BISNISASIA.CO.ID, JAKARTA – Kebijakan tarif resiprokal yang diberlakukan Amerika Serikat terhadap negara-negara dengan defisit perdagangan besar, termasuk Indonesia, menciptakan ketidakpastian dan tekanan baru bagi pasar global.
Kebijakan ini, yang mulai berlaku sejak April 2025, berpotensi memperlambat pertumbuhan ekonomi dunia, termasuk Indonesia, yang kini diproyeksikan tumbuh sebesar 4,7% pada 2025 dan 2026 menurut IMF.
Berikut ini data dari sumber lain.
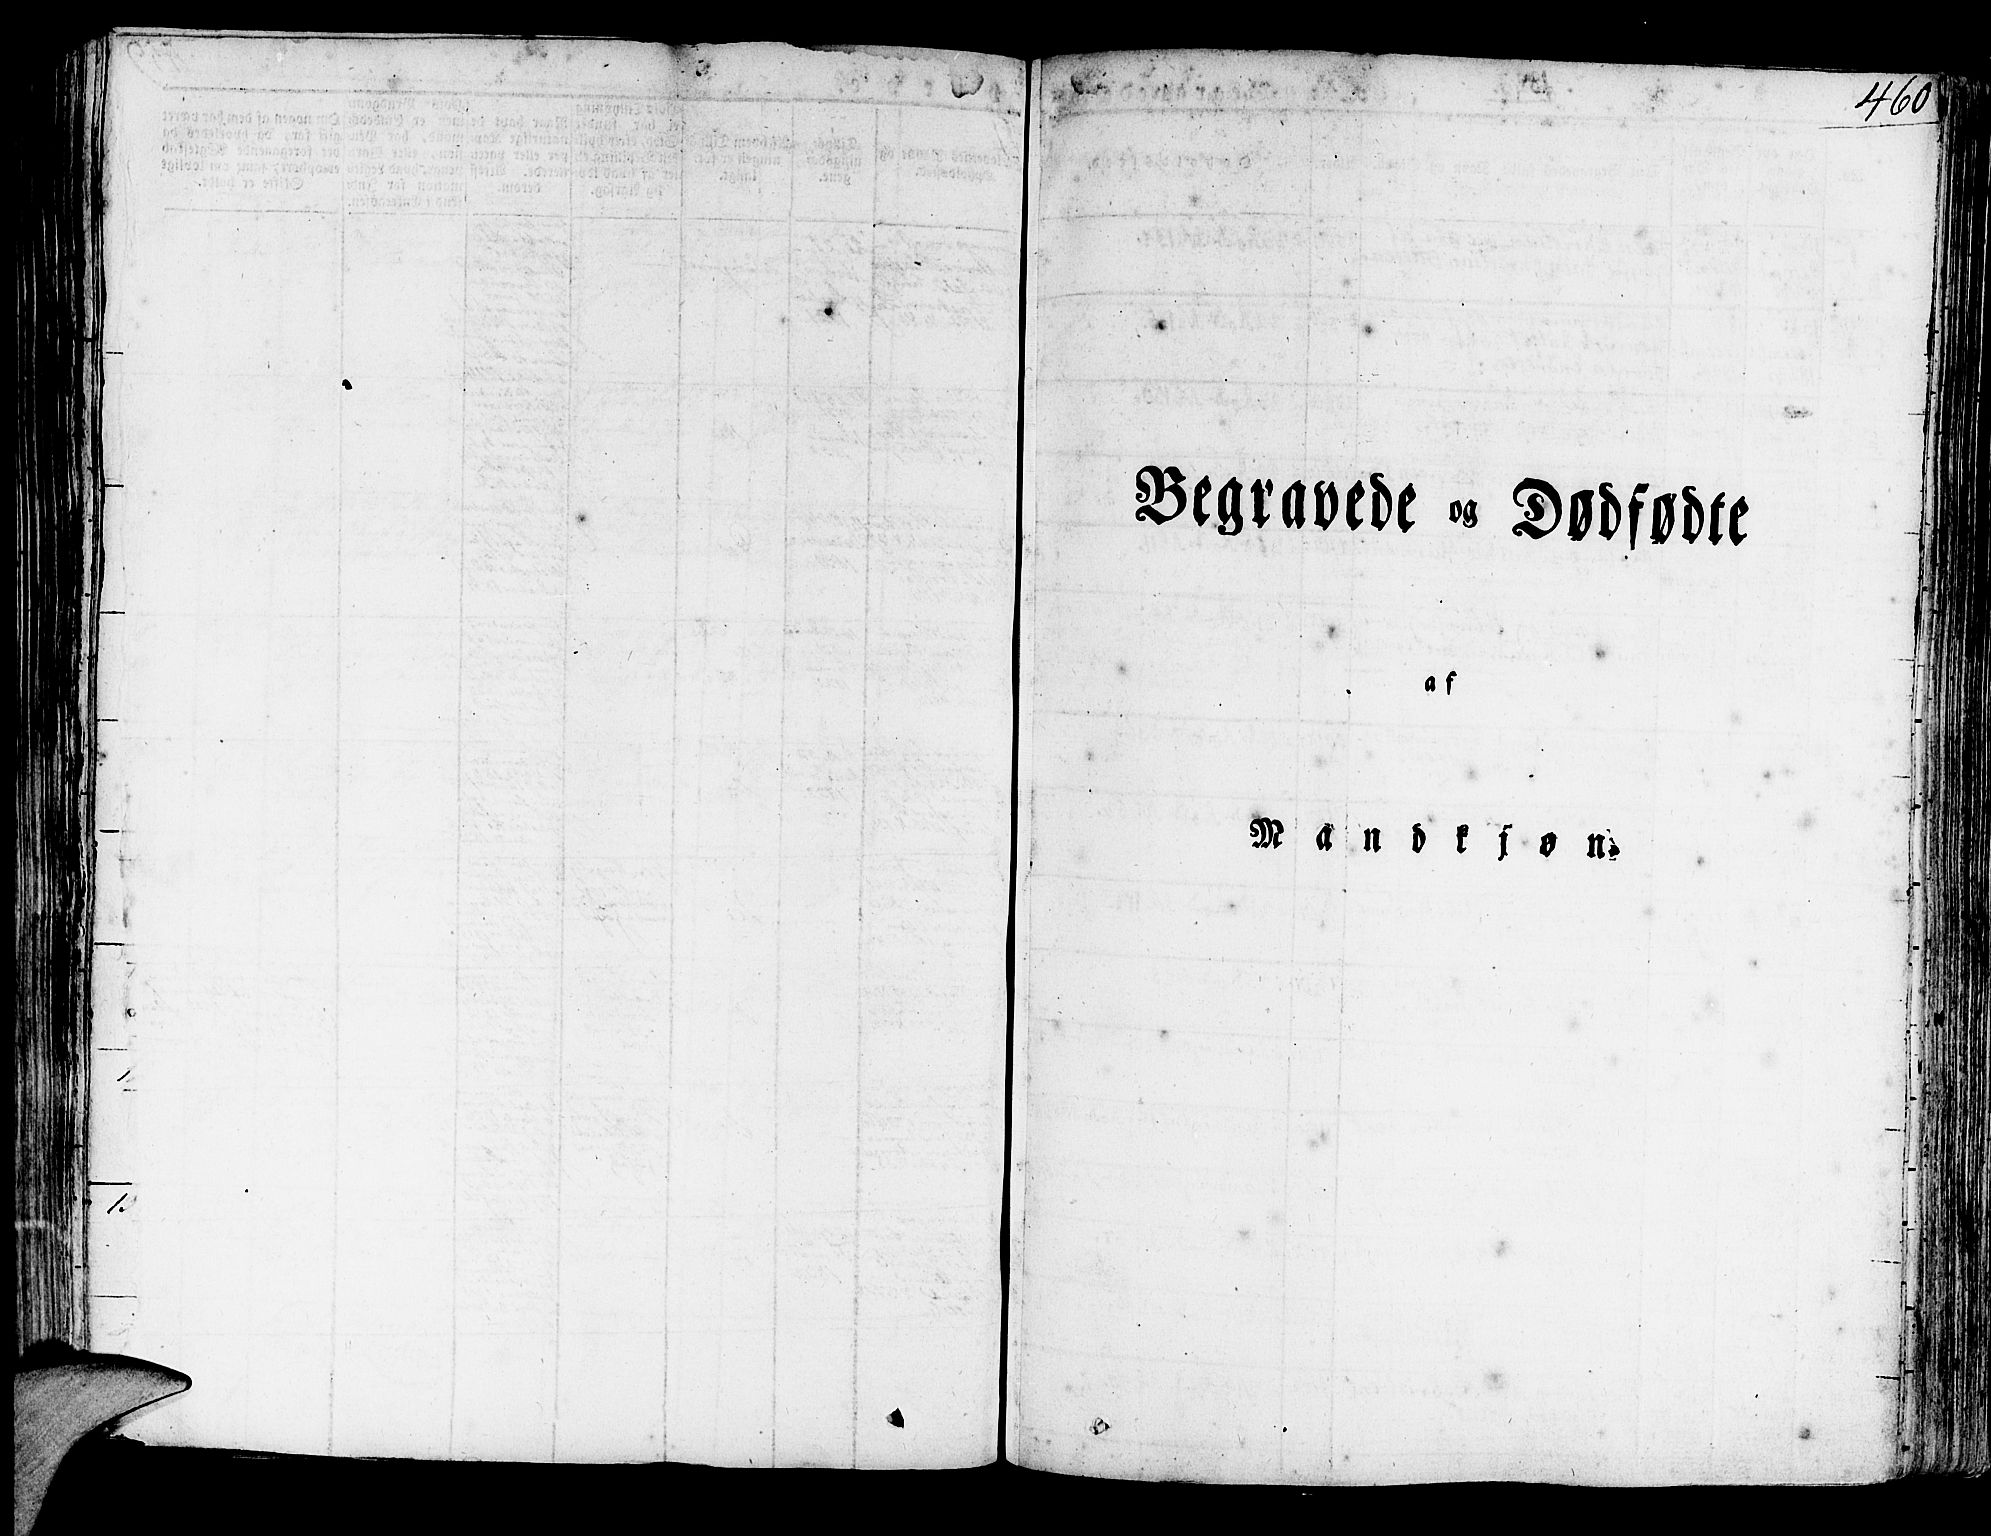 SAB, Korskirken Sokneprestembete, H/Haa/L0014: Ministerialbok nr. A 14, 1823-1835, s. 460
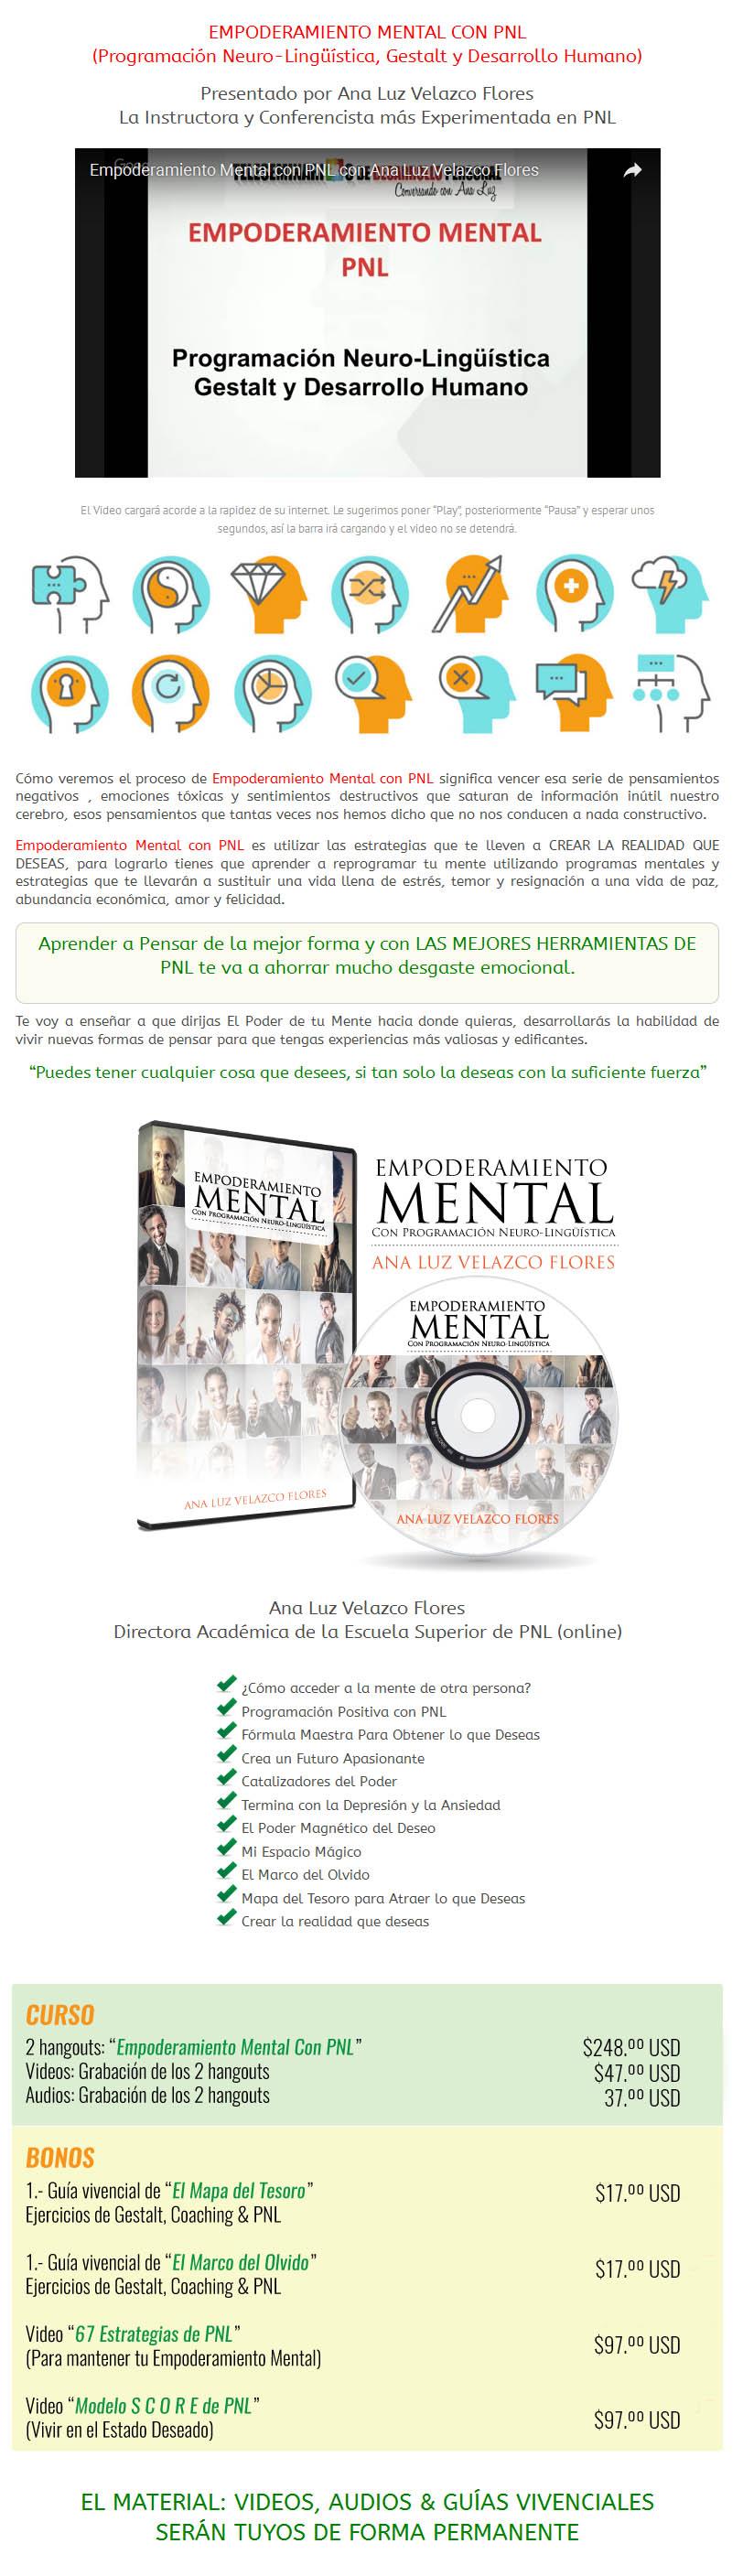 Empoderamiento Mental con PNL - Cursos De Remate

Menghadapi situasi ini, SCG (Siam Cement Group) sebagai pemimpin industri regional, telah menyiapkan strategi matang untuk menjaga dan memperkuat daya saing di pasar global, terutama di tengah tantangan perang dagang yang sedang berlangsung.
Dampak Perang Dagang terhadap SCG
Meskipun ekspor langsung SCG ke AS hanya sekitar 1% dari total penjualan tahun 2024, tekanan tidak langsung akan muncul terutama setelah masa penangguhan tarif resiprokal selama 90 hari berakhir.
SCG yang beroperasi di beberapa negara ASEAN terdampak tarif ini, termasuk Indonesia, Thailand, dan Vietnam, menilai penting untuk mengambil langkah proaktif menghadapi ketidakpastian tersebut.
4 Strategi Kunci SCG Menghadapi Perang Dagang
1. Menekan Biaya Produksi dan Operasional
SCG mengoptimalkan efisiensi operasional dengan mengkonsolidasikan lini produksi dan memperkenalkan otomatisasi berbasis robotik. Contohnya, PT Semen Jawa menggunakan teknologi Digital Mapping untuk pengukuran lahan tambang secara lebih cepat dan aman. Di sisi administratif, SCG mengimplementasikan kecerdasan buatan, seperti alat AI SA-RA, untuk meningkatkan efisiensi pencatatan dan komunikasi internal.
2. Optimalisasi Rantai Pasok dan Energi Bersih
SCG Barito Logistics menerapkan sistem backhaul matching untuk mengurangi perjalanan kosong dan meningkatkan efisiensi pengiriman. Selain itu, perusahaan terus meningkatkan penggunaan energi ramah lingkungan, melalui teknologi AF/AR yang mengubah limbah menjadi sumber energi alternatif, mengurangi ketergantungan pada bahan bakar fosil.
3. Perluasan Portofolio Produk dan Pasar
SCG fokus mengembangkan produk bernilai tambah tinggi (HVA), produk ramah lingkungan (Green Products), dan produk berkualitas dengan harga terjangkau (Quality Affordable Products/QAP). Perusahaan juga aktif memasuki pasar baru, seperti ekspor semen rendah karbon (Low Carbon Cement) yang sedang meningkat permintaannya.
4. Diversifikasi Basis Produksi dan Ekspor
SCG memanfaatkan basis produksi yang tersebar di berbagai negara ASEAN untuk mengalihkan produksi dan ekspor ke lokasi yang menghadapi tarif impor lebih rendah. Misalnya, produk kemasan SCGP diproduksi dan diekspor dari Thailand, Vietnam, Indonesia, dan Filipina, untuk mengantisipasi dampak tarif AS.
Komitmen SCG terhadap UMKM dan ESG
SCG juga menegaskan perannya dalam mendorong pertumbuhan ekonomi nasional dengan mendukung UMKM yang terdampak perang dagang melalui program GESARI (Gerakan Desa Berdikari). Program ini telah membantu lebih dari 70 UMKM di Indonesia untuk meningkatkan kapabilitas dan daya saing mereka.
“SCG terbuka untuk kolaborasi dalam berbagi pengetahuan dan teknologi agar pelaku usaha, khususnya UMKM, dapat beradaptasi dan bertahan di tengah ketidakstabilan pasar global,” ujar Warit Jintanawan, Country Director SCG Indonesia.